Work to complete: Each entry needs to be reproduced exactly as it is.

Dataset records
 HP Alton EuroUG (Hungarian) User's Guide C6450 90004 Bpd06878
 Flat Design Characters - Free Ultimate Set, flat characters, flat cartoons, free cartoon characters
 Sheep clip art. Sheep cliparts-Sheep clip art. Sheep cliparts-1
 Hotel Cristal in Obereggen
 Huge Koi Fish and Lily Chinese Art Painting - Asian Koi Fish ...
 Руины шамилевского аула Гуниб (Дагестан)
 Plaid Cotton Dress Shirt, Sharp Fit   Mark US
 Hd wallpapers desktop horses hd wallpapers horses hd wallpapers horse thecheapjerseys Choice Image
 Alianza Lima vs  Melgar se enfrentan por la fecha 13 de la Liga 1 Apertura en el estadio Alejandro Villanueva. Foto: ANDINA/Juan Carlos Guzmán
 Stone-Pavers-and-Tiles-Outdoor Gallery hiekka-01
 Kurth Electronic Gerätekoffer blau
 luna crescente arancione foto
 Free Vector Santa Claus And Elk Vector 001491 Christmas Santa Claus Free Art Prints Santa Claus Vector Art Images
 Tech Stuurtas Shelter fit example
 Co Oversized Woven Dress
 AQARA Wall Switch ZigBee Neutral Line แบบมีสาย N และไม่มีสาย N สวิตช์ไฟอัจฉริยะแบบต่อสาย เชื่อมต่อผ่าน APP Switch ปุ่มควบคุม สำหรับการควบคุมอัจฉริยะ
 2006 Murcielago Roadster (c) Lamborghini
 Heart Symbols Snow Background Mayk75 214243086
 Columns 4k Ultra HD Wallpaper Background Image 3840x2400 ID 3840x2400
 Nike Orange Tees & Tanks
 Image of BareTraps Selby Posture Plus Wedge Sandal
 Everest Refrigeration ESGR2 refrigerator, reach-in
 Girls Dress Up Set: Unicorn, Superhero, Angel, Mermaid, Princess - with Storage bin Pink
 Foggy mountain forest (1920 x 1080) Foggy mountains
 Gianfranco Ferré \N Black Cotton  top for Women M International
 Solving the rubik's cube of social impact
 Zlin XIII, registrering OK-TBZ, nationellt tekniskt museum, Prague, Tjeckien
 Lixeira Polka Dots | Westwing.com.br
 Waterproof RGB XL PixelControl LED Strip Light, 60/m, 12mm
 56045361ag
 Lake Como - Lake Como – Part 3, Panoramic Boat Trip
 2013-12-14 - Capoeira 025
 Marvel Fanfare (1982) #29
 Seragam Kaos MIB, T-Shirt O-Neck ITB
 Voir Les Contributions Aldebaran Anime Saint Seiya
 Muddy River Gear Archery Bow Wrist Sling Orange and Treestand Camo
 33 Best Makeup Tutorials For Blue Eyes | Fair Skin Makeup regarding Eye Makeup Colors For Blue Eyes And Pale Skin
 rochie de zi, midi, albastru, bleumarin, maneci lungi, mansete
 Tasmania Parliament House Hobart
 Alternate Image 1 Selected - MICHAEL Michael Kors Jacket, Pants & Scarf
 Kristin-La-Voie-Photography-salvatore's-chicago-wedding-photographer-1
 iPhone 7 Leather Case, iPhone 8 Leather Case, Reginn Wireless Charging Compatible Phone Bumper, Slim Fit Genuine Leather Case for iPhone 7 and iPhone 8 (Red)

Answer section:
 HP Alton EuroUG (Hungarian) User's Guide C6450 90004 Bpd06878
 Flat Design Characters - Free Ultimate Set, flat characters, flat cartoons, free cartoon characters
 Sheep clip art. Sheep cliparts-Sheep clip art. Sheep cliparts-1
 Hotel Cristal in Obereggen
 Huge Koi Fish and Lily Chinese Art Painting - Asian Koi Fish ...
 Руины шамилевского аула Гуниб (Дагестан)
 Plaid Cotton Dress Shirt, Sharp Fit   Mark US
 Hd wallpapers desktop horses hd wallpapers horses hd wallpapers horse thecheapjerseys Choice Image
 Alianza Lima vs  Melgar se enfrentan por la fecha 13 de la Liga 1 Apertura en el estadio Alejandro Villanueva. Foto: ANDINA/Juan Carlos Guzmán
 Stone-Pavers-and-Tiles-Outdoor Gallery hiekka-01
 Kurth Electronic Gerätekoffer blau
 luna crescente arancione foto
 Free Vector Santa Claus And Elk Vector 001491 Christmas Santa Claus Free Art Prints Santa Claus Vector Art Images
 Tech Stuurtas Shelter fit example
 Co Oversized Woven Dress
 AQARA Wall Switch ZigBee Neutral Line แบบมีสาย N และไม่มีสาย N สวิตช์ไฟอัจฉริยะแบบต่อสาย เชื่อมต่อผ่าน APP Switch ปุ่มควบคุม สำหรับการควบคุมอัจฉริยะ
 2006 Murcielago Roadster (c) Lamborghini
 Heart Symbols Snow Background Mayk75 214243086
 Columns 4k Ultra HD Wallpaper Background Image 3840x2400 ID 3840x2400
 Nike Orange Tees & Tanks
 Image of BareTraps Selby Posture Plus Wedge Sandal
 Everest Refrigeration ESGR2 refrigerator, reach-in
 Girls Dress Up Set: Unicorn, Superhero, Angel, Mermaid, Princess - with Storage bin Pink
 Foggy mountain forest (1920 x 1080) Foggy mountains
 Gianfranco Ferré \N Black Cotton  top for Women M International
 Solving the rubik's cube of social impact
 Zlin XIII, registrering OK-TBZ, nationellt tekniskt museum, Prague, Tjeckien
 Lixeira Polka Dots | Westwing.com.br
 Waterproof RGB XL PixelControl LED Strip Light, 60/m, 12mm
 56045361ag
 Lake Como - Lake Como – Part 3, Panoramic Boat Trip
 2013-12-14 - Capoeira 025
 Marvel Fanfare (1982) #29
 Seragam Kaos MIB, T-Shirt O-Neck ITB
 Voir Les Contributions Aldebaran Anime Saint Seiya
 Muddy River Gear Archery Bow Wrist Sling Orange and Treestand Camo
 33 Best Makeup Tutorials For Blue Eyes | Fair Skin Makeup regarding Eye Makeup Colors For Blue Eyes And Pale Skin
 rochie de zi, midi, albastru, bleumarin, maneci lungi, mansete
 Tasmania Parliament House Hobart
 Alternate Image 1 Selected - MICHAEL Michael Kors Jacket, Pants & Scarf
 Kristin-La-Voie-Photography-salvatore's-chicago-wedding-photographer-1
 iPhone 7 Leather Case, iPhone 8 Leather Case, Reginn Wireless Charging Compatible Phone Bumper, Slim Fit Genuine Leather Case for iPhone 7 and iPhone 8 (Red)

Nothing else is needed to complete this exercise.